By declaring the loop as breakable.

Ironically the Scala break in scala.util.control.Breaks is an exception:
def break(): Nothing = { throw breakException }
The best advice is: DO NOT use break, continue and goto! IMO they are the same, bad practice and an evil source of all kind of problems (and hot discussions) and finally "considered be harmful". Code block structured, also in this example breaks are superfluous.
Our Edsger W. Dijkstra† wrote:
The quality of programmers is a decreasing function of the density of go to statements in the programs they produce.

I got a situation like the code below
for(id<-0 to 99) {
try {
var symbol = ctx.read("$.stocks[" + id + "].symbol").toString
var name = ctx.read("$.stocks[" + id + "].name").toString
stocklist(symbol) = name
}catch {
case ex: com.jayway.jsonpath.PathNotFoundException=>{break}
}
}
I am using a java lib and the mechanism is that ctx.read throw a Exception when it can find nothing.
I was trapped in the situation that :I have to break the loop when a Exception was thrown, but scala.util.control.Breaks.break using Exception to break the loop ,and it was in the catch block thus it was caught.
I got ugly way to solve this: do the loop for the first time and get the count of the real length.
and use it for the second loop.
take out break from Scala is not that good,when you are using some java libs.

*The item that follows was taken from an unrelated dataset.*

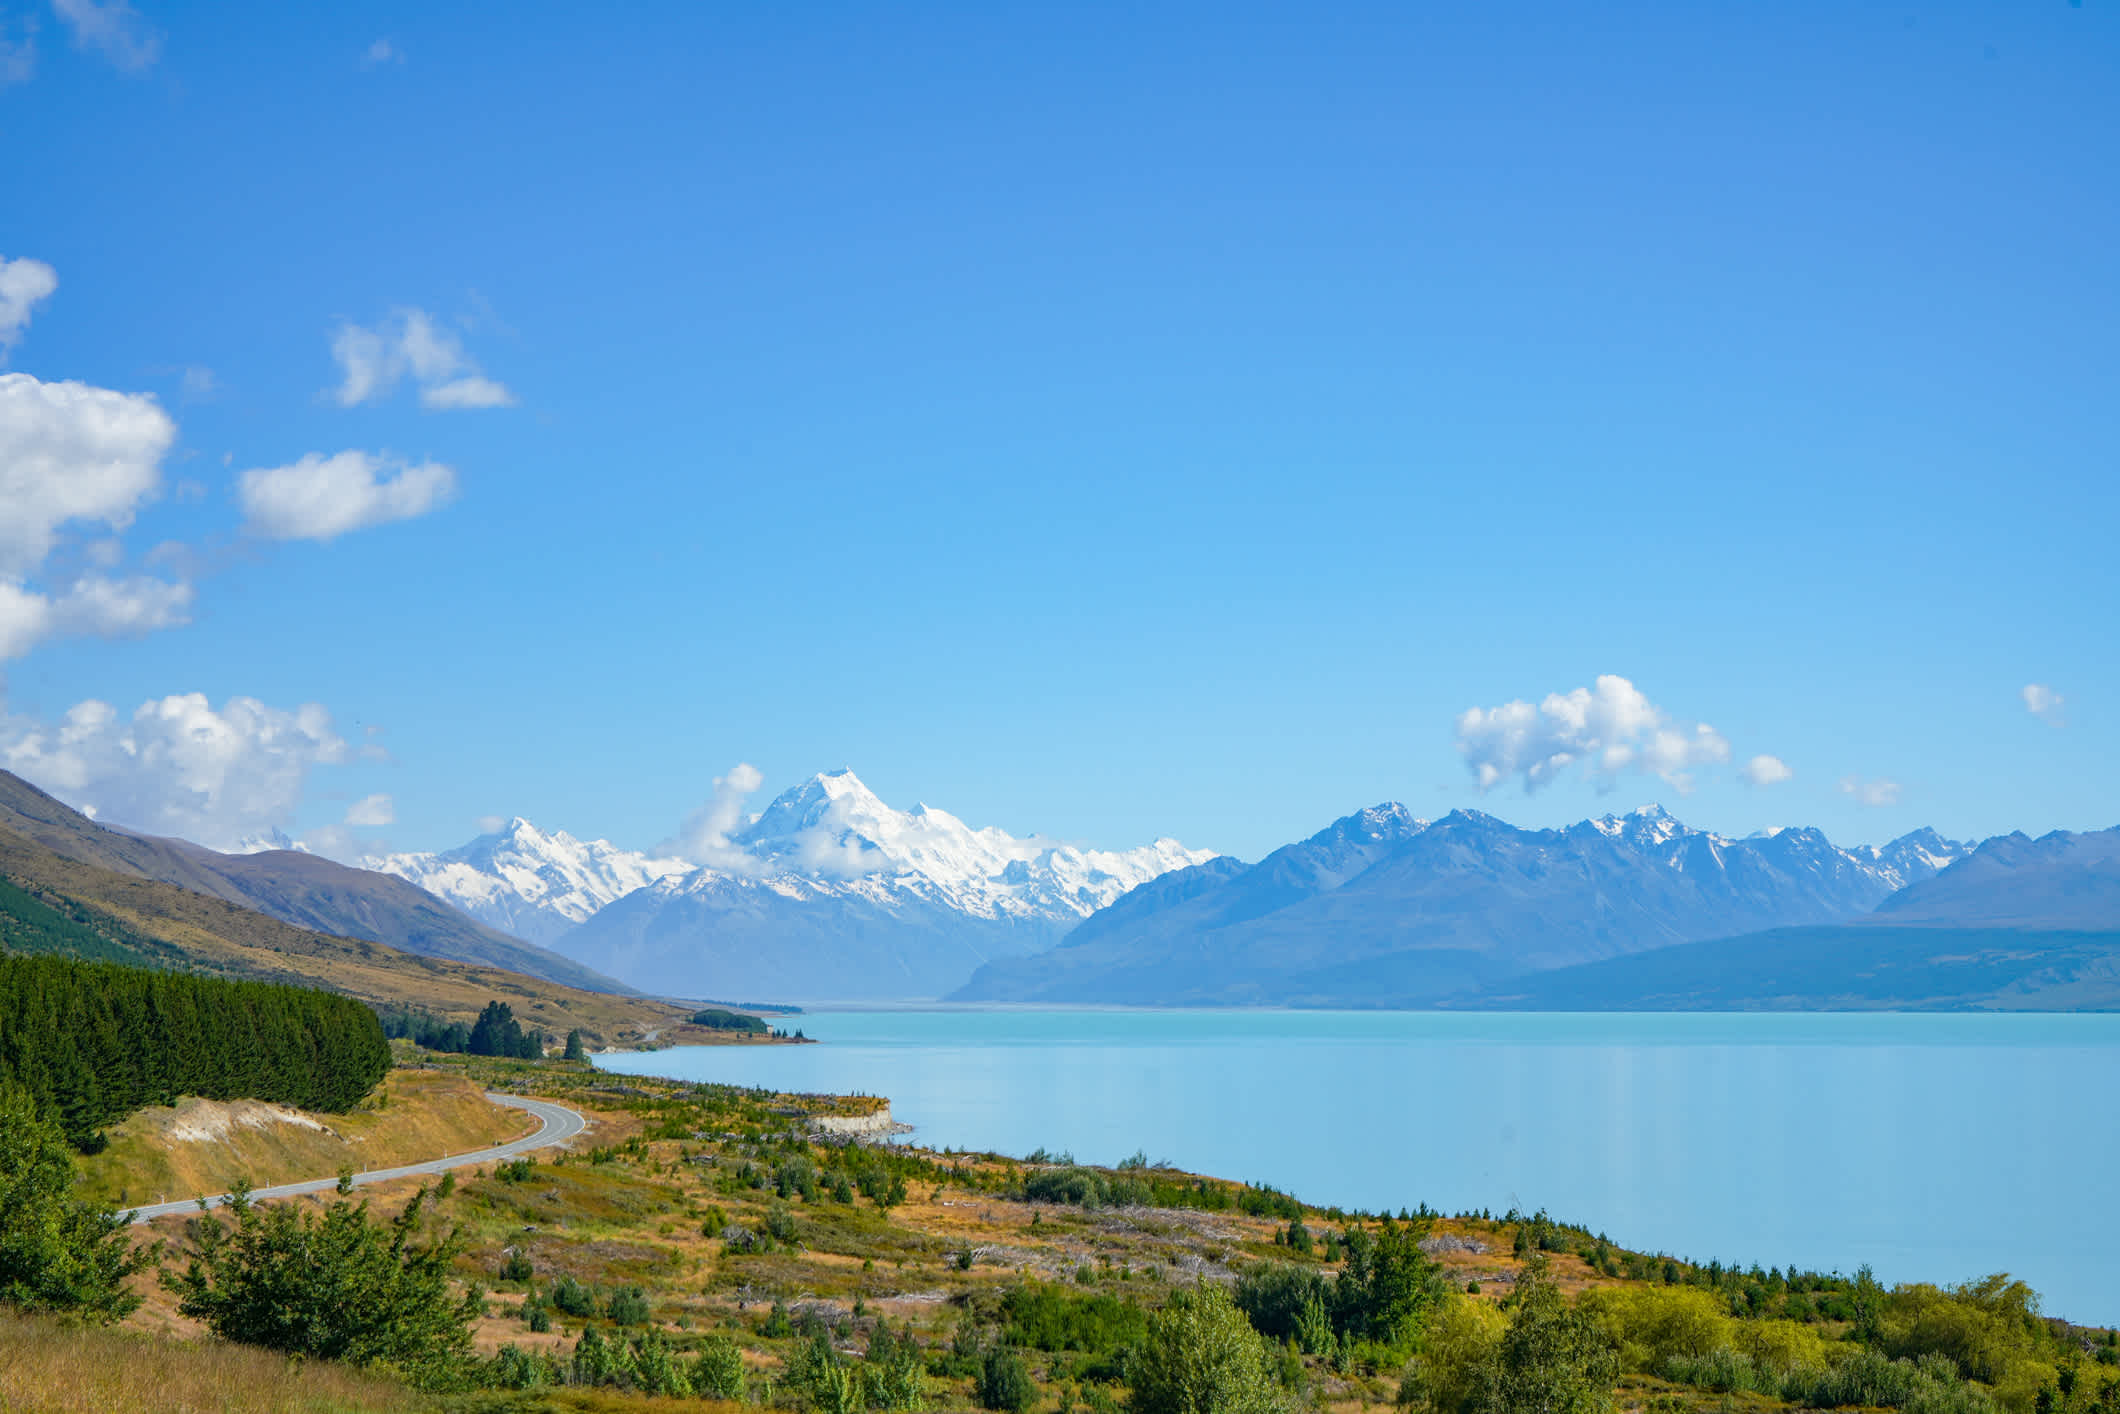 Lake Pukaki with Mount Cook Glacier Mountain Range in the background, Canterbury, New Zealand.

Clever use of find method for collection will do the trick for you.
var largest = 0
lazy val ij =
for (i <- 999 to 1 by -1; j <- i to 1 by -1) yield (i, j)
val largest_ij = ij.find { case(i,j) =>
val product = i * j
if (product.toString == product.toString.reverse)
largest = largest max product
largest > product
}
println(largest_ij.get)
println(largest)

Below is code to break a loop in a simple way
import scala.util.control.Breaks.break
object RecurringCharacter {
def main(args: Array[String]) {
val str = "nileshshinde";
for (i <- 0 to str.length() - 1) {
for (j <- i + 1 to str.length() - 1) {
if (str(i) == str(j)) {
println("First Repeted Character " + str(i))
break() //break method will exit the loop with an Exception "Exception in thread "main" scala.util.control.BreakControl"
}
}
}
}
}

I don't know how much Scala style has changed in the past 9 years, but I found it interesting that most of the existing answers use vars, or hard to read recursion. The key to exiting early is to use a lazy collection to generate your possible candidates, then check for the condition separately. To generate the products:
val products = for {
i <- (999 to 1 by -1).view
j <- (i to 1 by -1).view
} yield (i*j)
Then to find the first palindrome from that view without generating every combination:
val palindromes = products filter {p => p.toString == p.toString.reverse}
palindromes.head
To find the largest palindrome (although the laziness doesn't buy you much because you have to check the entire list anyway):
palindromes.max
Your original code is actually checking for the first palindrome that is larger than a subsequent product, which is the same as checking for the first palindrome except in a weird boundary condition which I don't think you intended. The products are not strictly monotonically decreasing. For example, 998*998 is greater than 999*997, but appears much later in the loops.
Anyway, the advantage of the separated lazy generation and condition check is you write it pretty much like it is using the entire list, but it only generates as much as you need. You sort of get the best of both worlds.